Certificate of Service

          I certify that on this 1st day of June, 2016, I filed the foregoing brief electronically in PDF format through the Court’s CM/ECF system and sent ten paper copies to the Clerk of the Court via UPS. 

          I certify that I served Ellen Betz, pro se plaintiff, by sending one paper copy of the foregoing brief via UPS to the following address:

                   Ellen Betz

                   2842 Bellview Dr.

                   Bensalem, PA 19020

 

          I certify that the attorneys for Temple Health Systems, Michael J. Fortunato and Jason K. Roberts, are registered CM/ECF users and that I served them via the Court’s CM/ECF system.

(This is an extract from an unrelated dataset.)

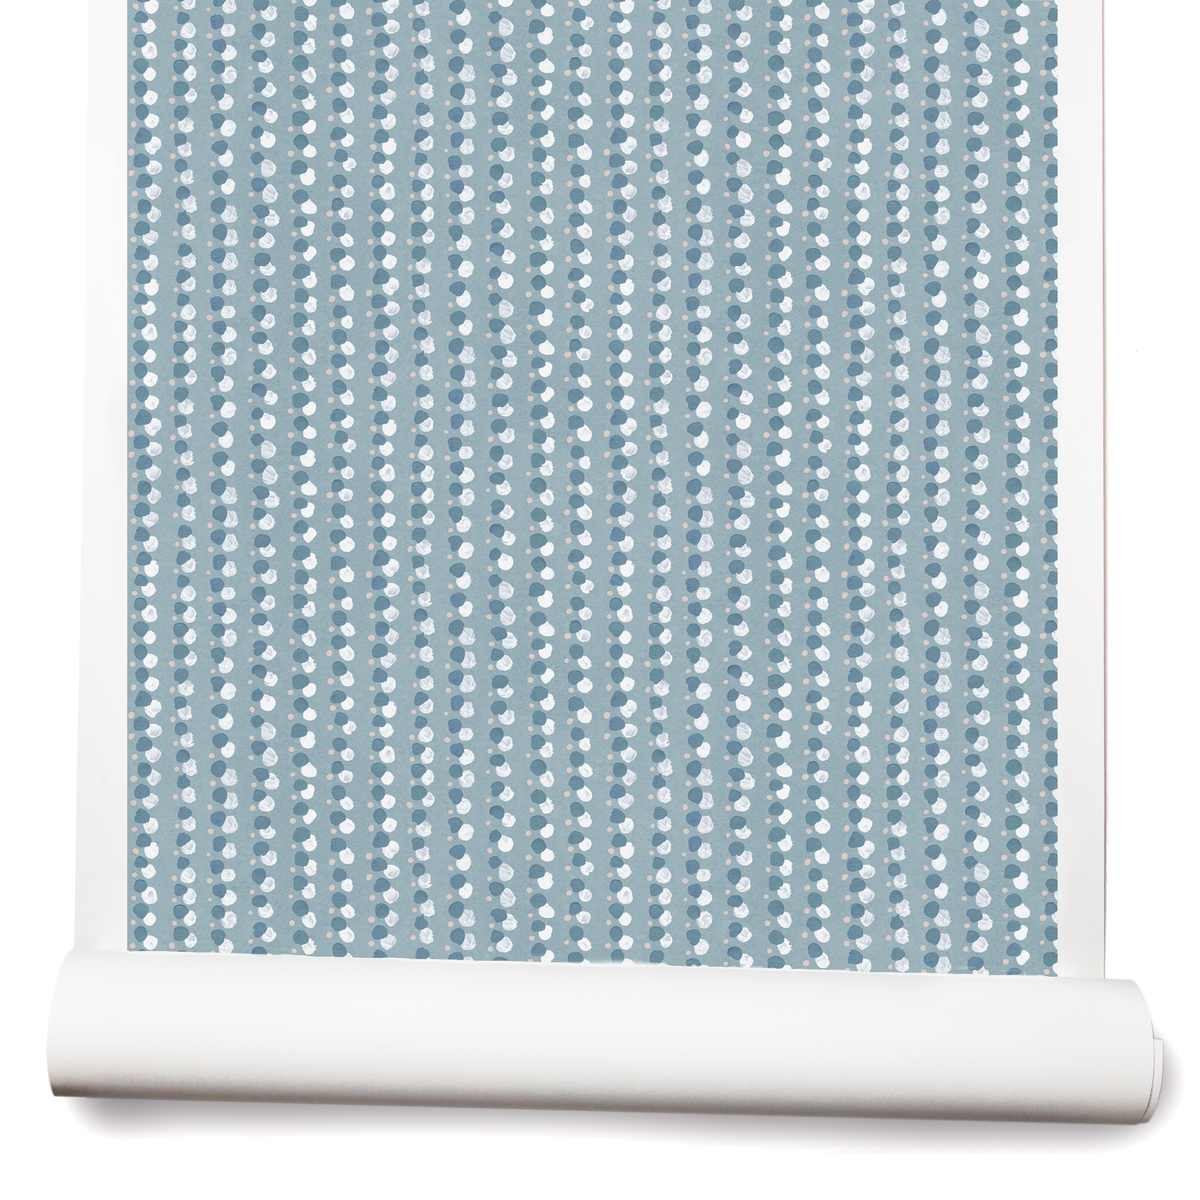 Dotted Lines Wallpaper in Light Blue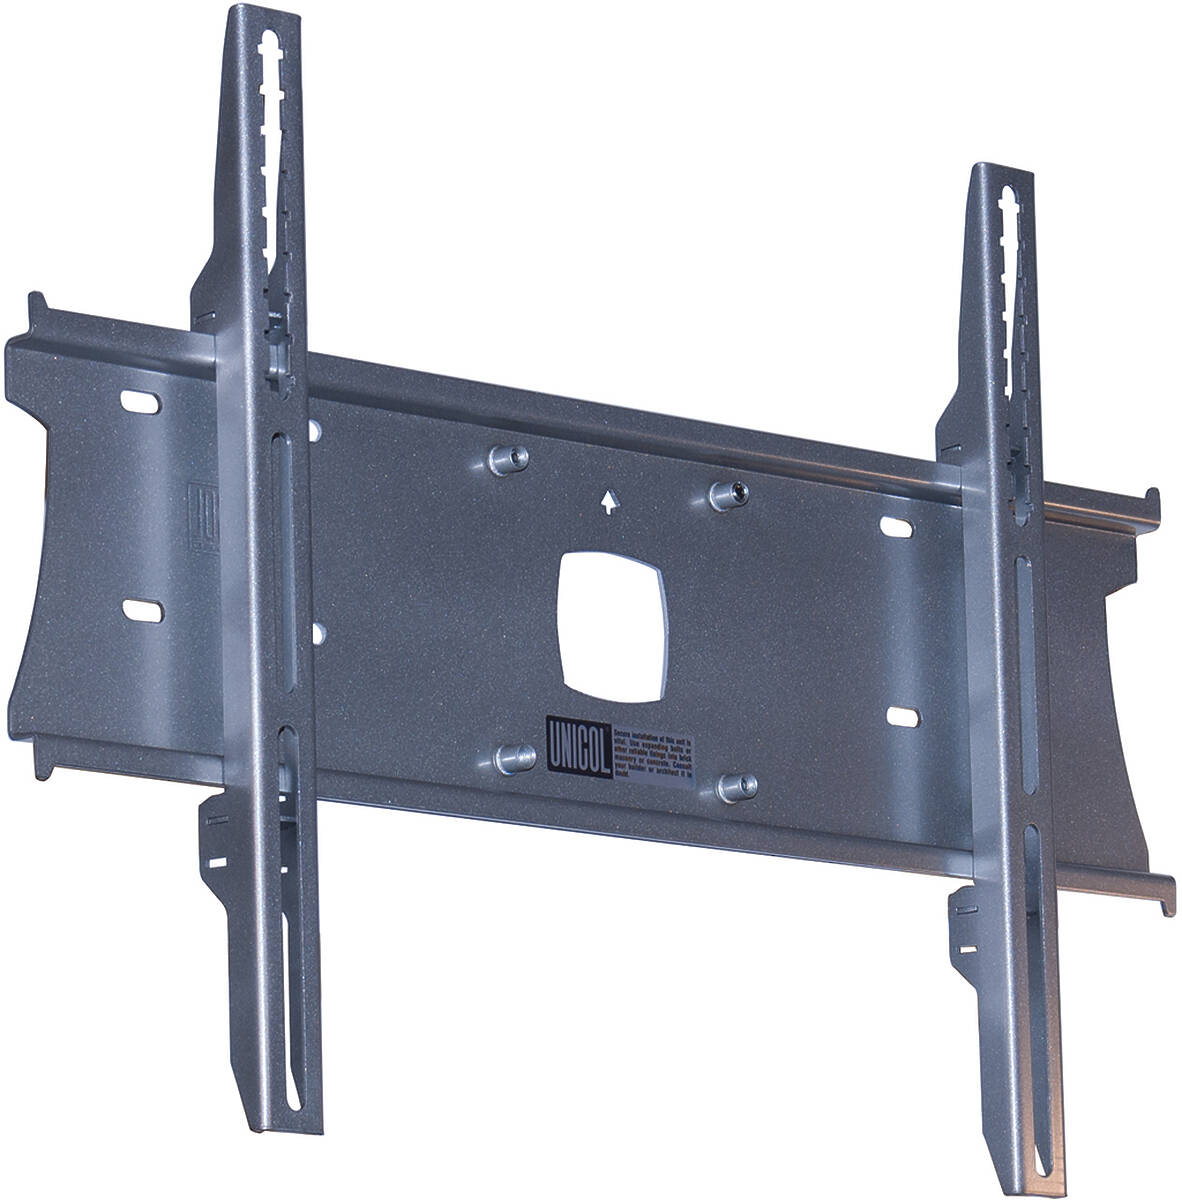 Unicol SS PZX3 Pozimount stainless steel harsh environment flat wall mount for Large Format Displays product image. Click to enlarge.

                                                /s/ Gail S. Coleman

                                                Attorney

                                                Maryland Bar #1991010800003

                                                EQUAL EMPLOYMENT OPPORTUNITY

                                                   COMMISSION

                                                Office of General Counsel

                                                131 M Street, NE, Room 5SW24L

                                                Washington, DC 20507

                                                (202) 663-4055

                                                gail.coleman@eeoc.gov



[1] As explained above, supra at 10, conduct directed towards others is relevant to a hostile work environment claim.  Andrews, 895 F.2d at 1485-86.  Such conduct is not sufficient to establish a Title VII violation, however, as the factfinder must still find that “the workplace is permeated with ‘discriminatory intimidation, ridicule, and insult’ that is ‘sufficiently severe or pervasive to alter the conditions of the victim’s employment and create an abusive working environment.’”  Harris, 510 U.S. at 21 (citation omitted).